Problem:
Exactly as written, return all the data, leaving its pictures behind.

Raw data:
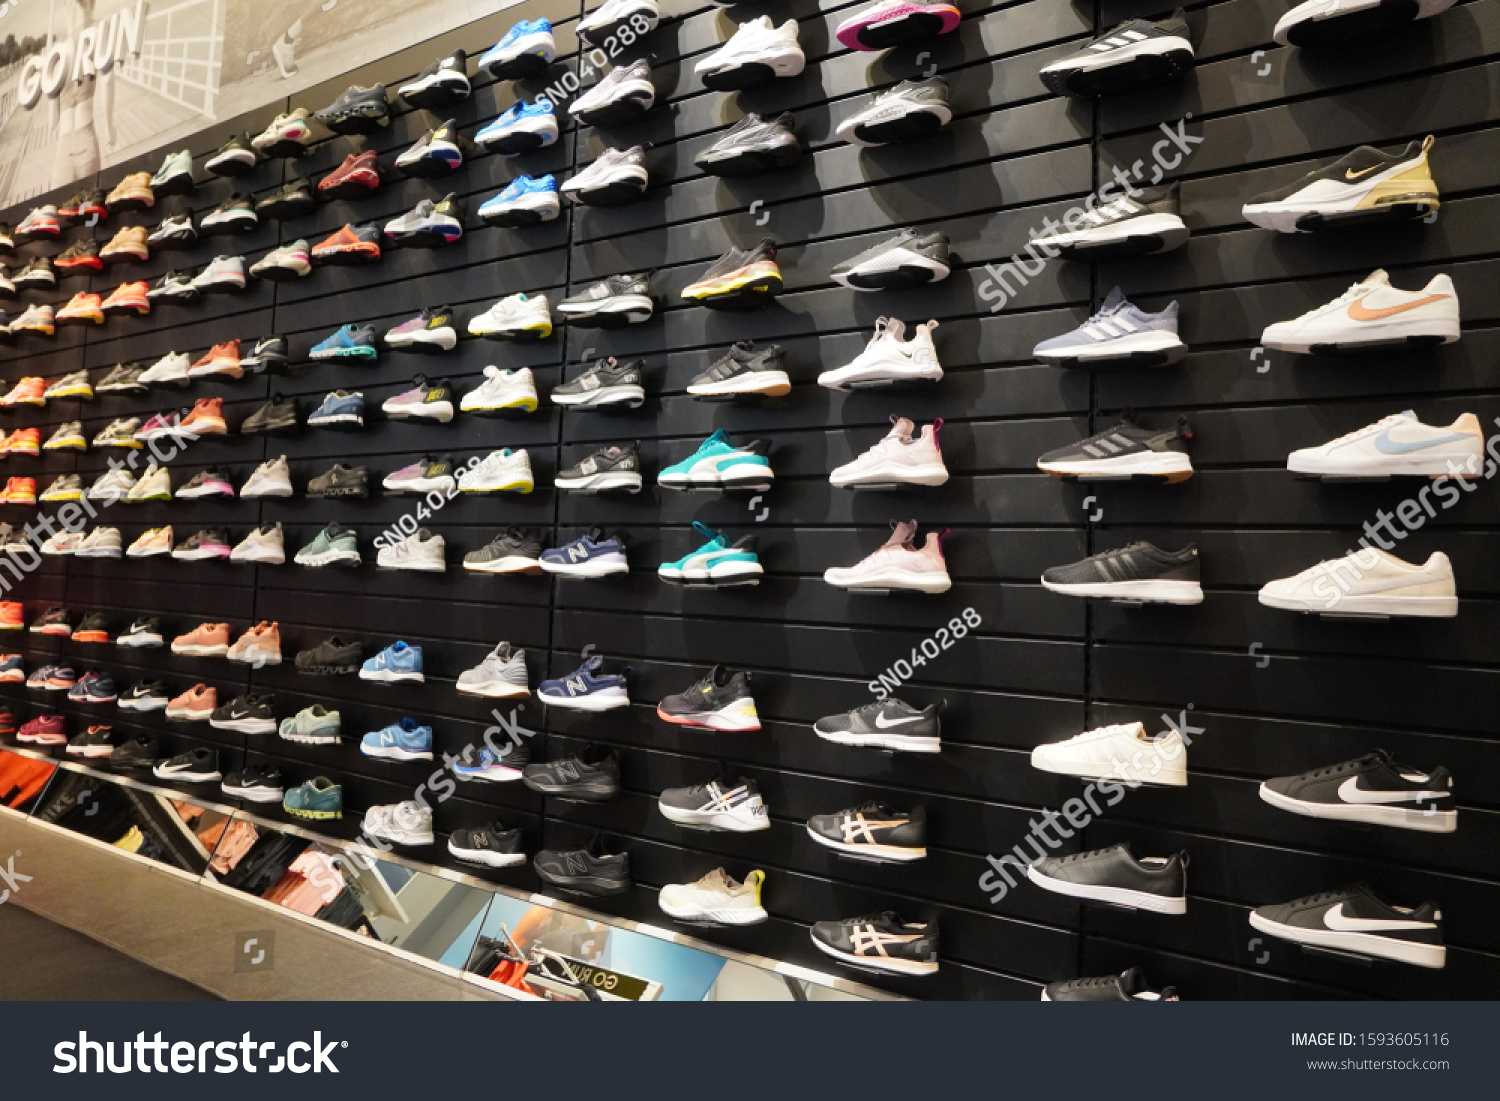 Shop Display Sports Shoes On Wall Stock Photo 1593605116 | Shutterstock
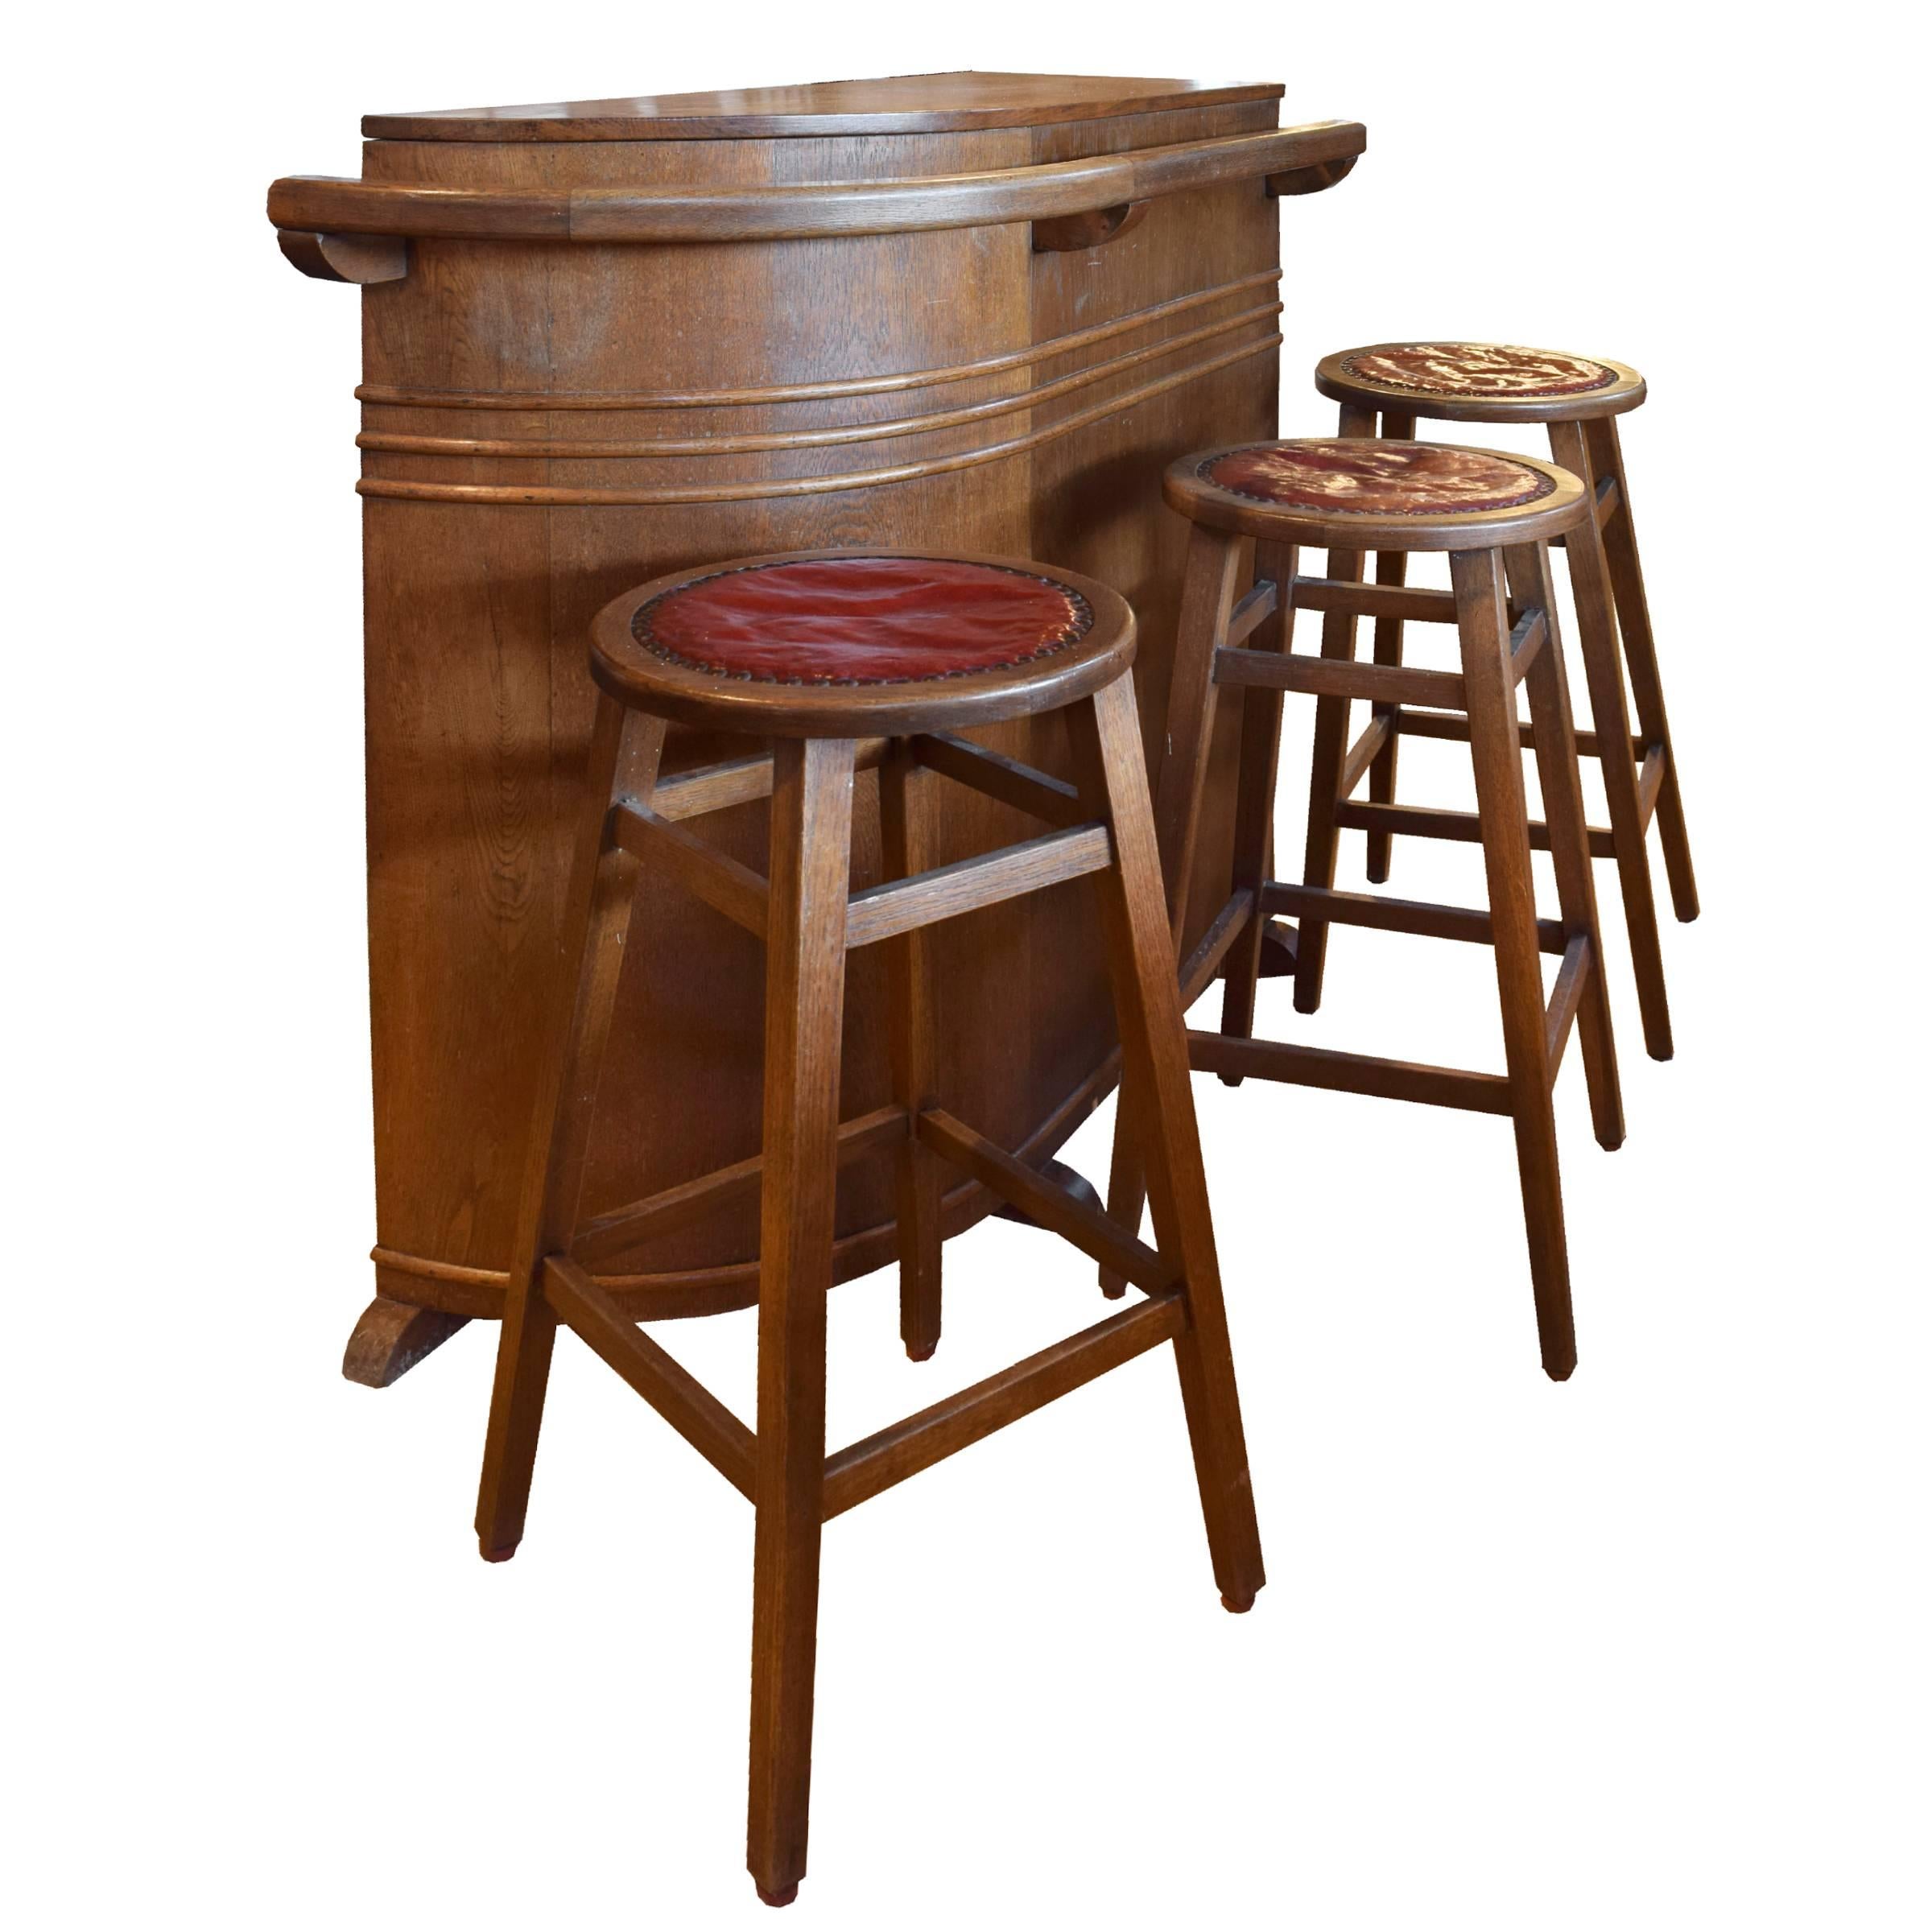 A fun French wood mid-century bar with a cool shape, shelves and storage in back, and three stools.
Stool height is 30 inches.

Result of the exercise:
 Shop Display Sports Shoes On Wall Stock Photo 1593605116 | Shutterstock
 A fun French wood mid-century bar with a cool shape, shelves and storage in back, and three stools.
Stool height is 30 inches.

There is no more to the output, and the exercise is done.